▶ Problem description
Starting at the line below that contains "Marcus Aurelius, Antonius" and ending at the line that contains "Brochure patient apprivoiser", retype each line exactly as it stands, but omit the pictures.

▶ Recorded data
[Start of section]

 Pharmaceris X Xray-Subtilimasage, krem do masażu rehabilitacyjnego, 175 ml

[End of section]
[Start of section]

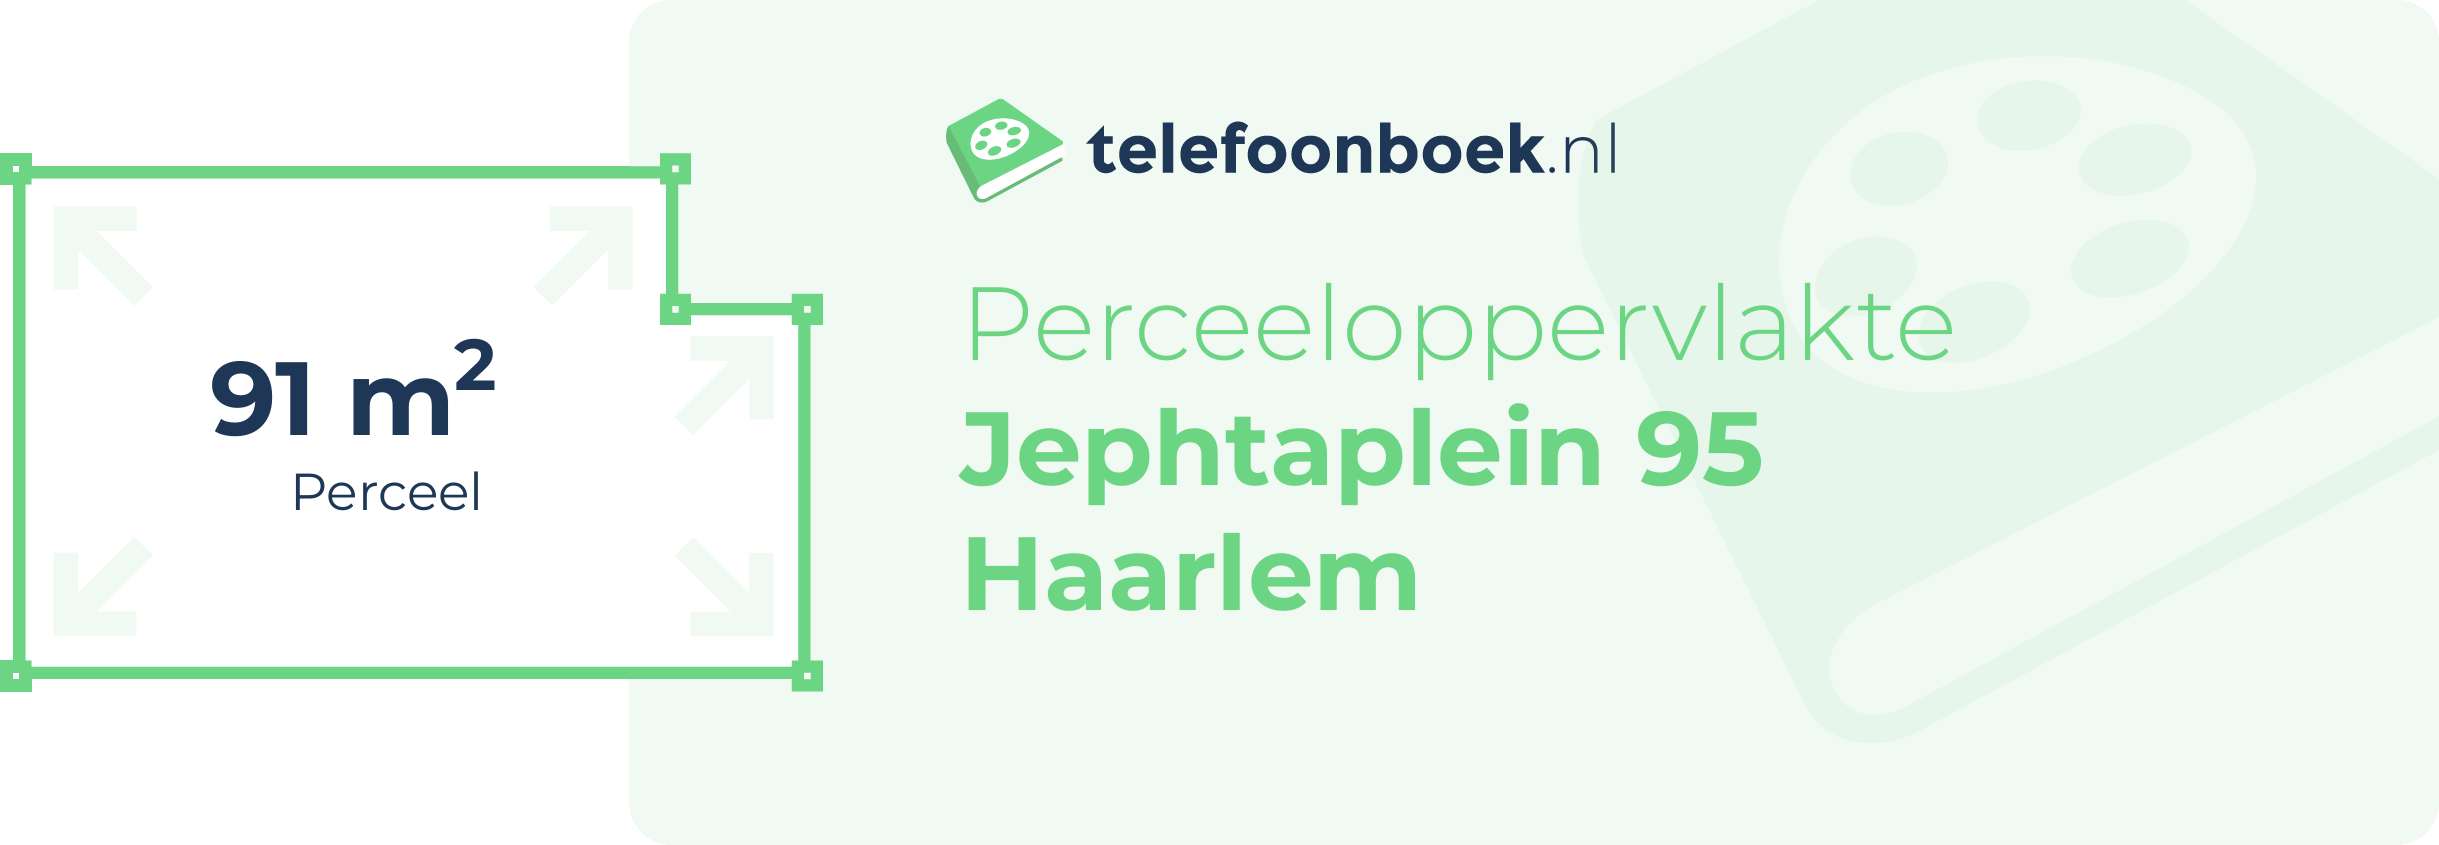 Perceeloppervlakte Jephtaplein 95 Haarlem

[End of section]
[Start of section]

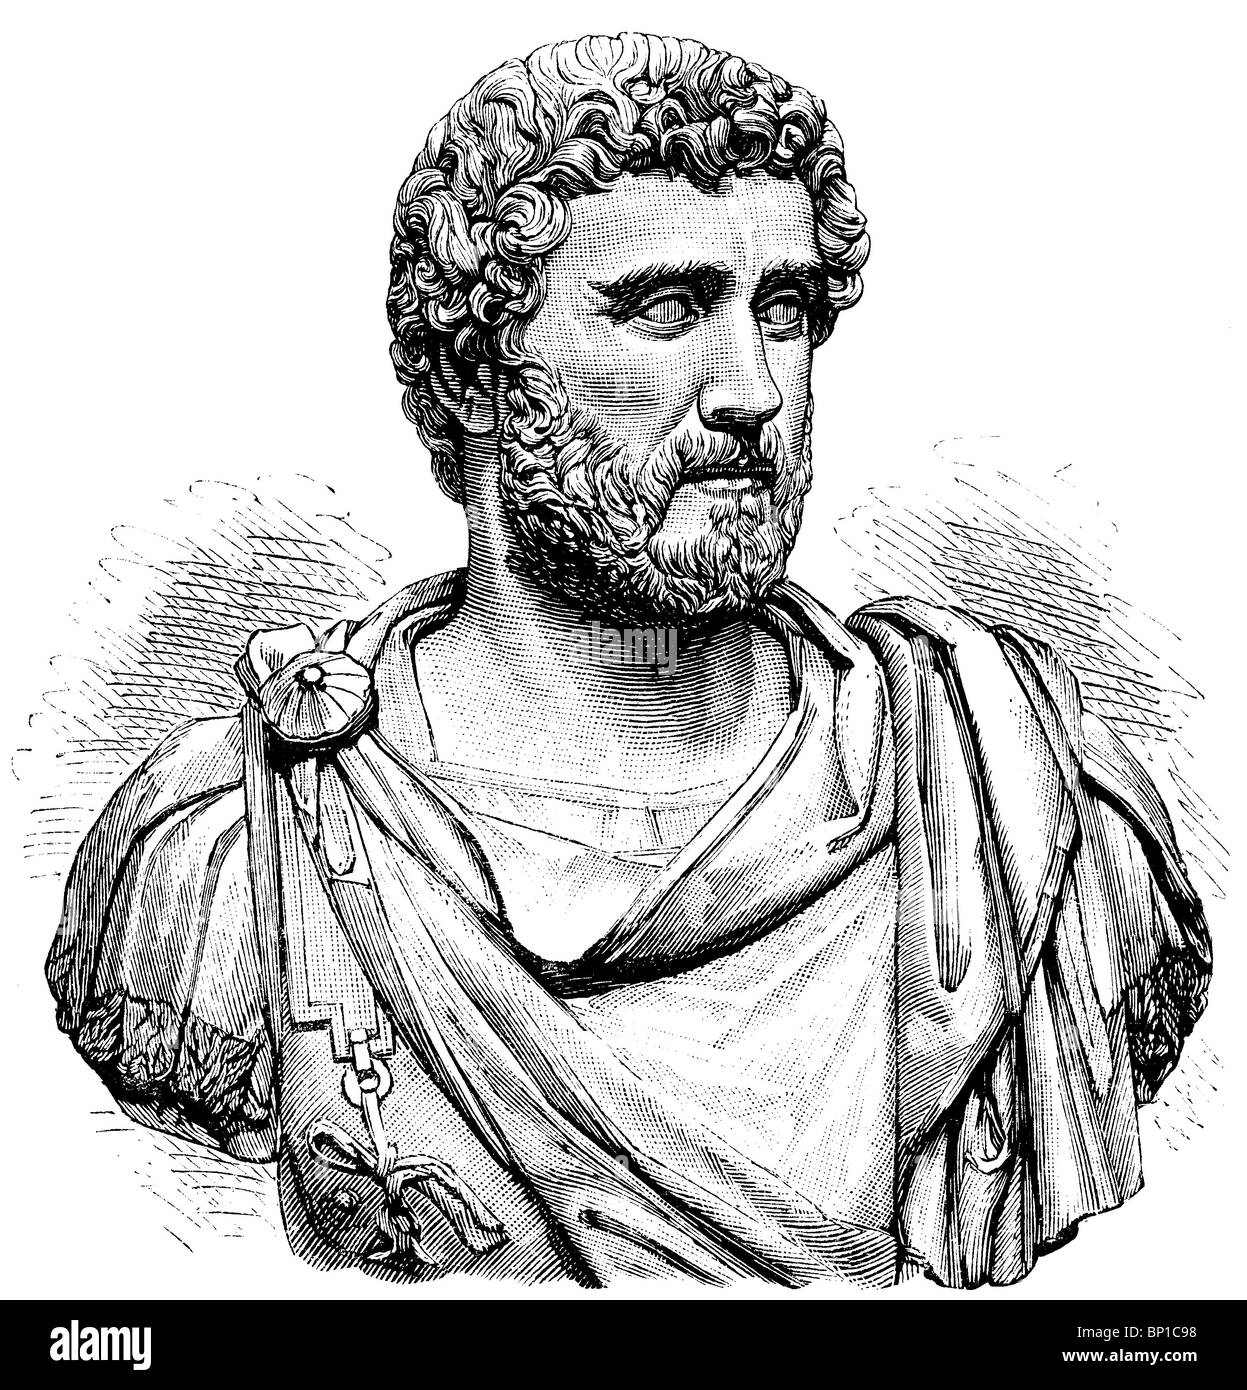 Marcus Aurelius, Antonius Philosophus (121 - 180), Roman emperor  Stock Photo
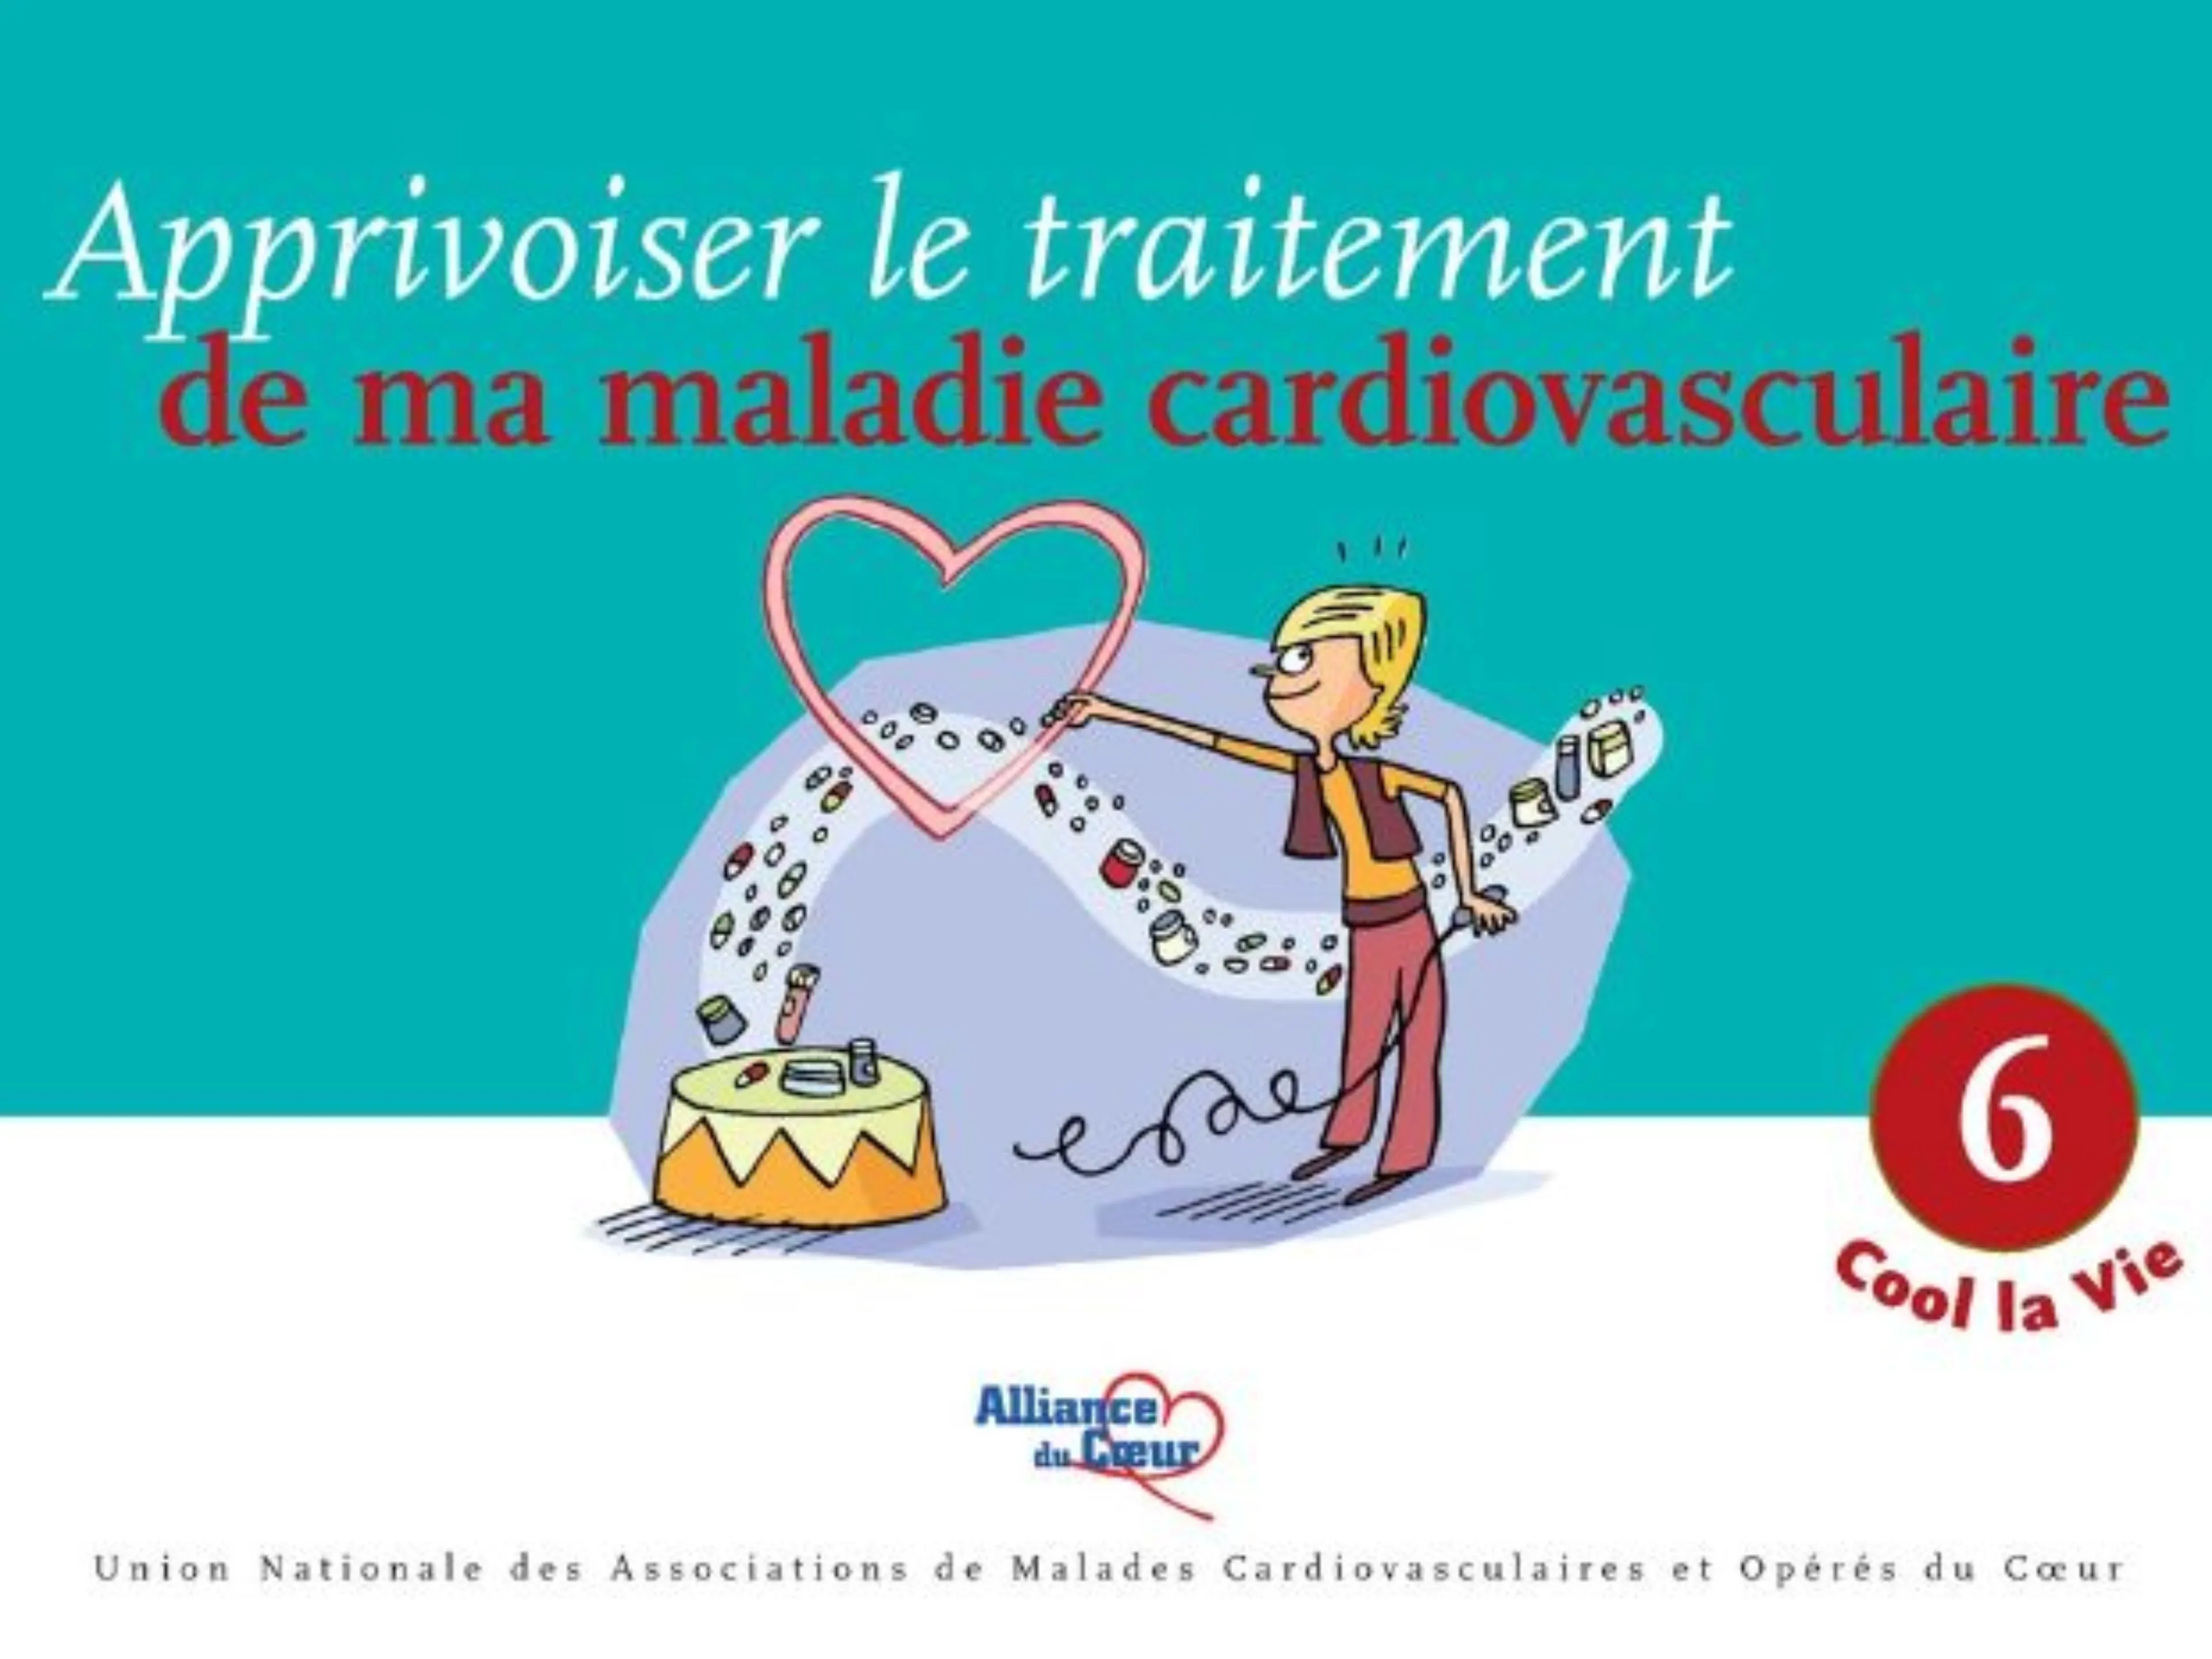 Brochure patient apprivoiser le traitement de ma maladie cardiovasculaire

[End of section]

▶ Output of the task
 Marcus Aurelius, Antonius Philosophus (121 - 180), Roman emperor  Stock Photo
 Brochure patient apprivoiser le traitement de ma maladie cardiovasculaire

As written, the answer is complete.